Does this make sense to anyone? I hope I explained it clearly. It has me stumped, and I'm not sure what to do to fix the problem!


----------



## Randy_ (Feb 7, 2006)

Angela:  I'm reasonably certain that I know what the problem is with your Executive.  First, let me say that your thinking is correct about the pen length.  All other things being equal, if the tip does not stick out when extended by the transmission, then the barrel is too long, not too short.  You could also have this same symptom with a barrel of the correct length if there is a problem with a piece of the hardware.  

By any chance is there a picture of the problem pen in your gallery..... possibly this one? 







It would a great help to me to see a picture of the problem pen to confirm my thinking as it is extremely difficult to diagnose problems like this from long distance with just a written description!!

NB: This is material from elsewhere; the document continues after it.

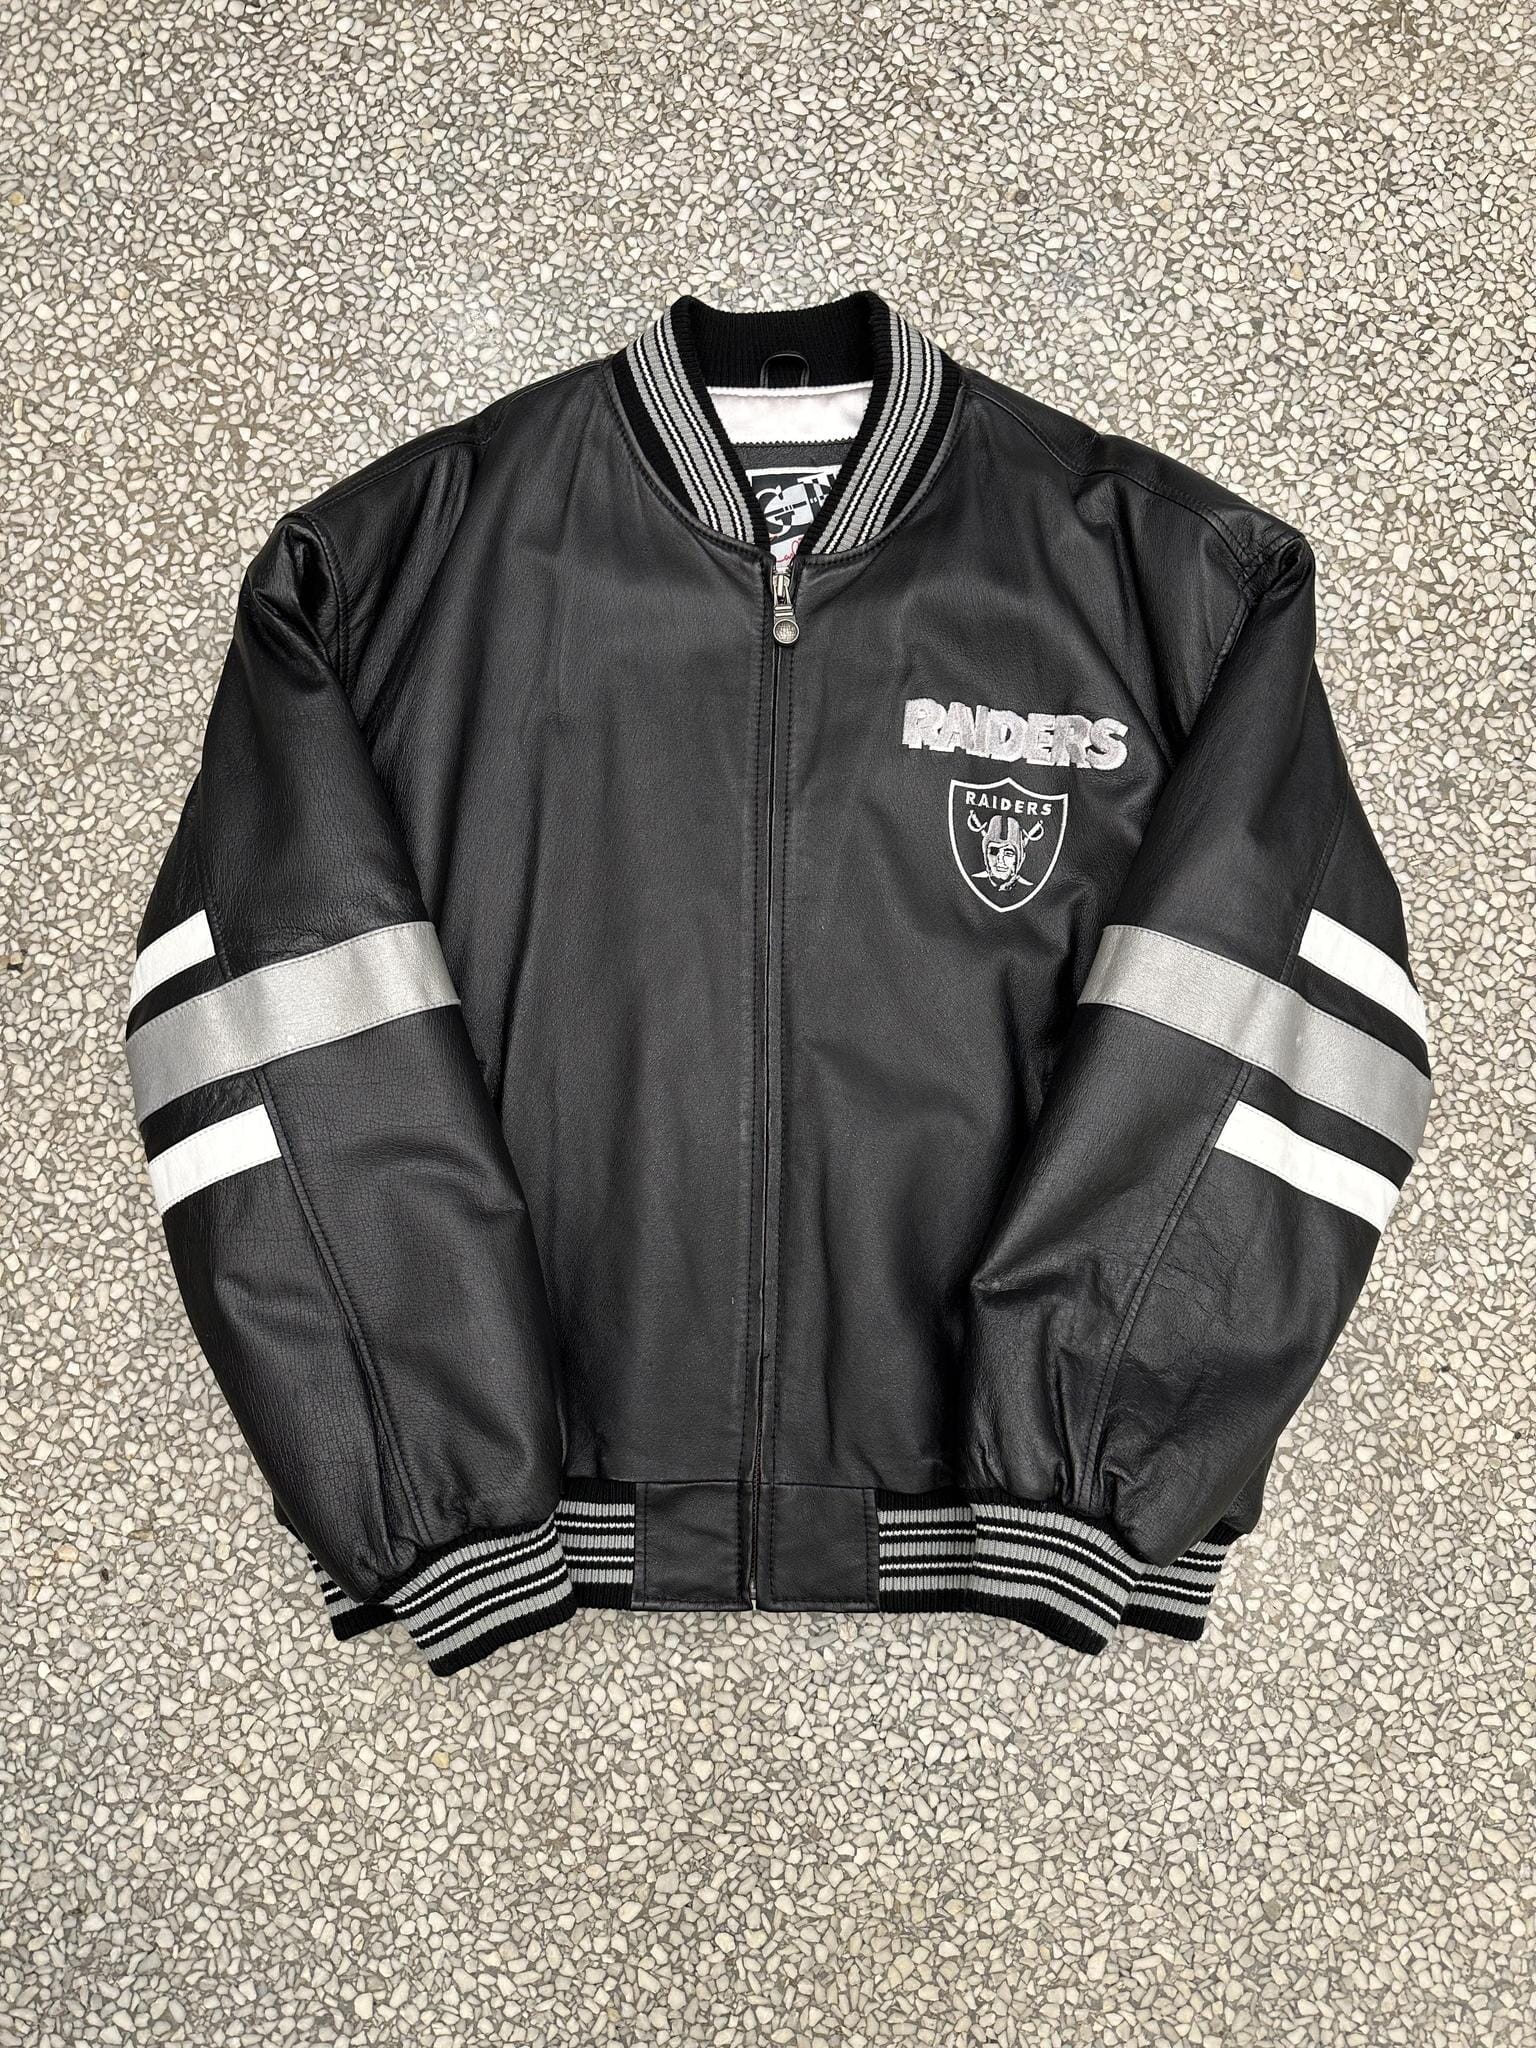 Oakland Raiders Vintage 90s Leather Bomber Jacket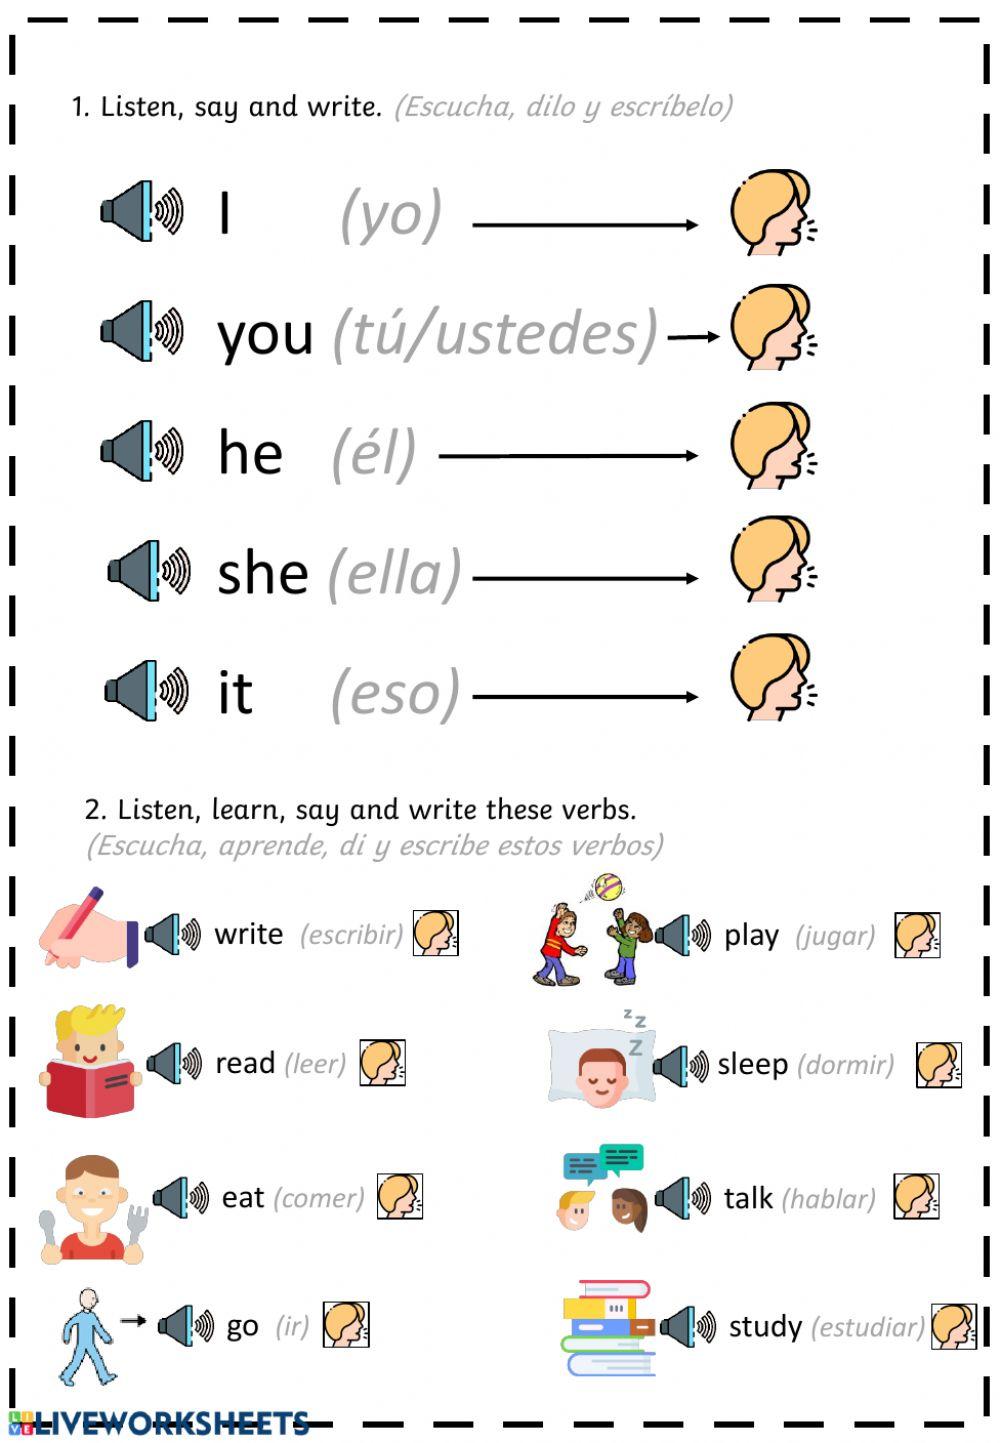 Pronouns and basic verbs

So much for the "waffle."  I think that either your transmission or your clip/coupler is defective.  One or the other or both are not permitting the transmission to seat far enough into the pen body to make the cartridge tip stick out the other end.  I think there is something wrong with the female threads in the transmission or the male threads in the coupling that is not permitting the transmission to screw far enough into the pen body.  

And the reason  I say this is as follows.  Notice the coupler in the picture.  It has two little  ridges separated by a wider flat section.  Notice also that above the top ridge(the one to the left) there is another wide(relatively speaking), flat depression visible between the upper ridge and the step in the pen cap.  Hope I am making this clear for you??  I think that the step in the cap should be flush with the upper ridge and that there should be no gap there.  I believe the gap exists because the transmission is not screwed far enough into the barrel of the pen.  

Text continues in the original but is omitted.